Three Contractors To Bid On Implementation

This week, the FAA signed off on the next phase of its Automatic Dependent Surveillance-Broadcast (ADS-B) Program.

ADS-B, the backbone of the agency's planned Next Generation Air Transportation System (NextGen), received FAA approval on February 21 to proceed toward the next phase of implementation. The agency’s Joint Resources Council (JRC), a team of top FAA executives that reviews major acquisitions, approved funding for nationwide deployment of ADS-B.

NextGen is the FAA’s plan to transform the nation’s airspace system through 2025, primarily by transitioning from a ground-based system to a satellite-based system. The agency calls ADS-B the cornerstone for this transformation, by bringing the precision and reliability of satellite-based surveillance to the nation’s skies.

The FAA states With real-time situational awareness in the cockpit, aircraft will be able to fly closer together, resulting in a significant increase in airspace capacity.
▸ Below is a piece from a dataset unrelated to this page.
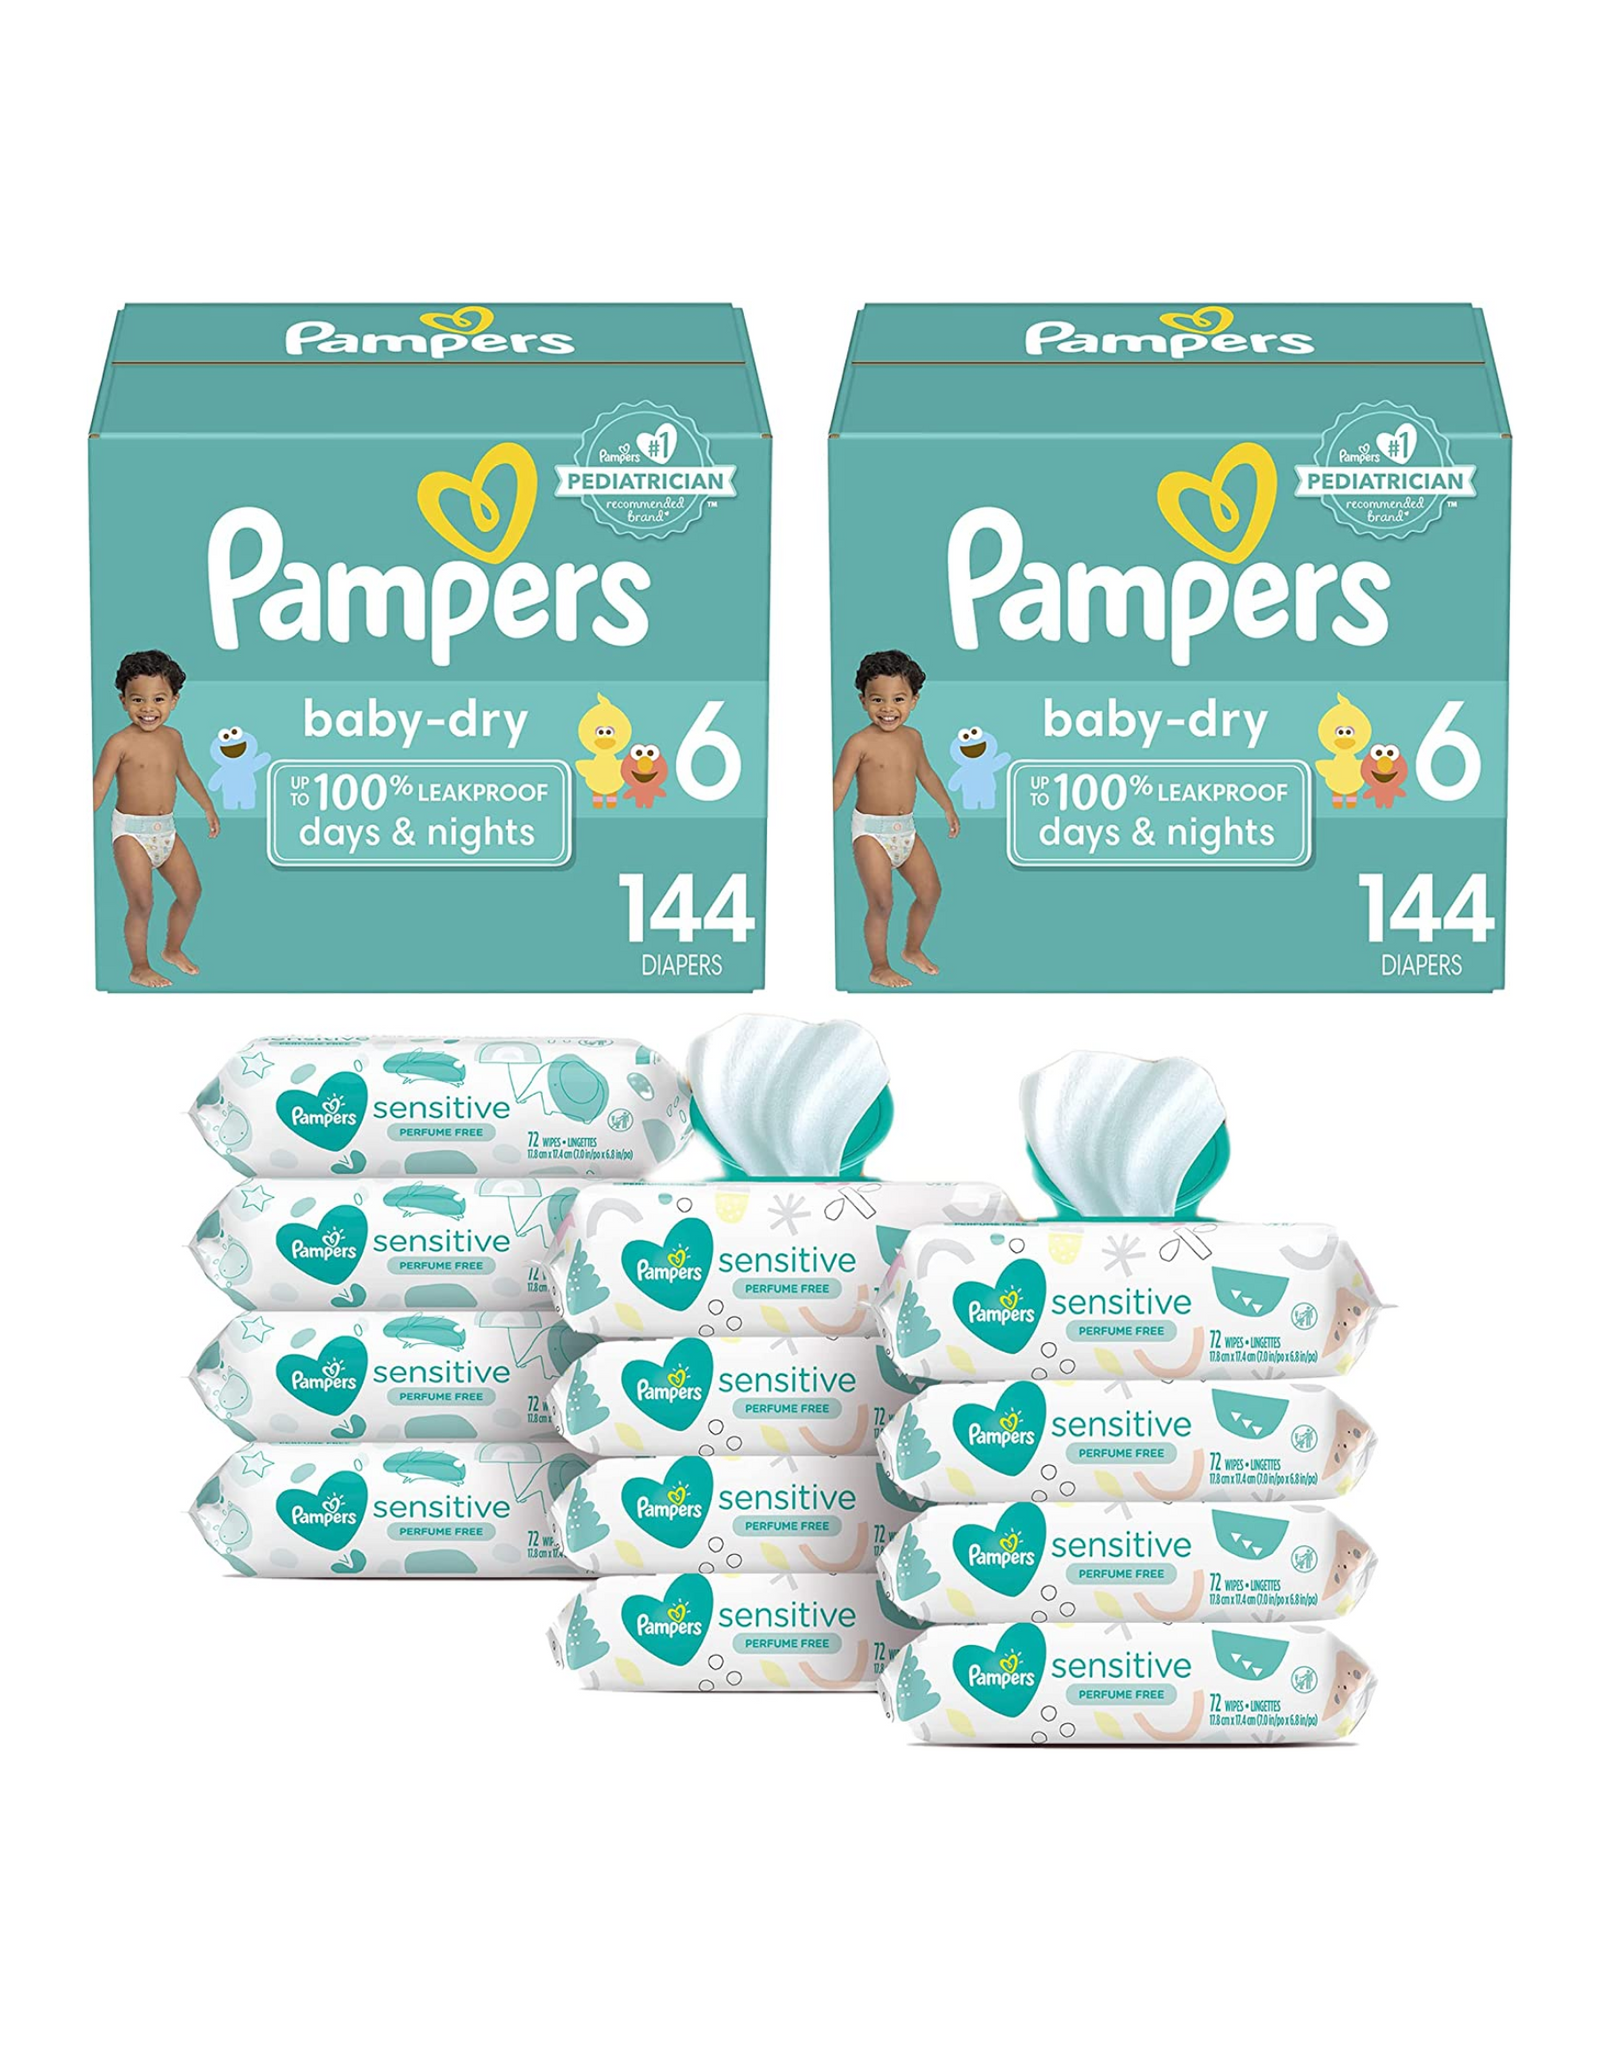 Pampers Baby Dry Disposable Baby Diapers Size 6, 144 Ct (2 Pack) with Sensitive Water Based Baby Wipes, 18 Pop-Top Packs + 4 Refills, 864 total wipes (12 Packs)

The JRC approved segment two of ADS-B implementation, which runs from 2009 to 2014.

The JRC also approved moving the Alaska Capstone project into the national ADS-B program, as well as expanding Capstone services within the state. Alaska, the location for the operational evaluation of ADS-B and other aviation safety services, saw a dramatic reduction in its fatal accident rate -- and the FAA states it will increase efforts to bring Capstone technology to the more remote areas of the state.

The FAA states that through combining Capstone with the national ADS-B program, the agency will ensure development of the Alaska aviation infrastructure will be on par with the national infrastructure as developed in the lower 48 states.

The JRC also validated cost savings resulting from the ADS-B back-up plan, which was finalized late last year. The back-up plan calls for maintaining 50 percent of the secondary radars, which will provide air traffic services in case of a loss or degradation of the GPS signal. The FAA says this move will allow the agency to remove 50 percent of its current secondary radars, saving money in the program’s baseline.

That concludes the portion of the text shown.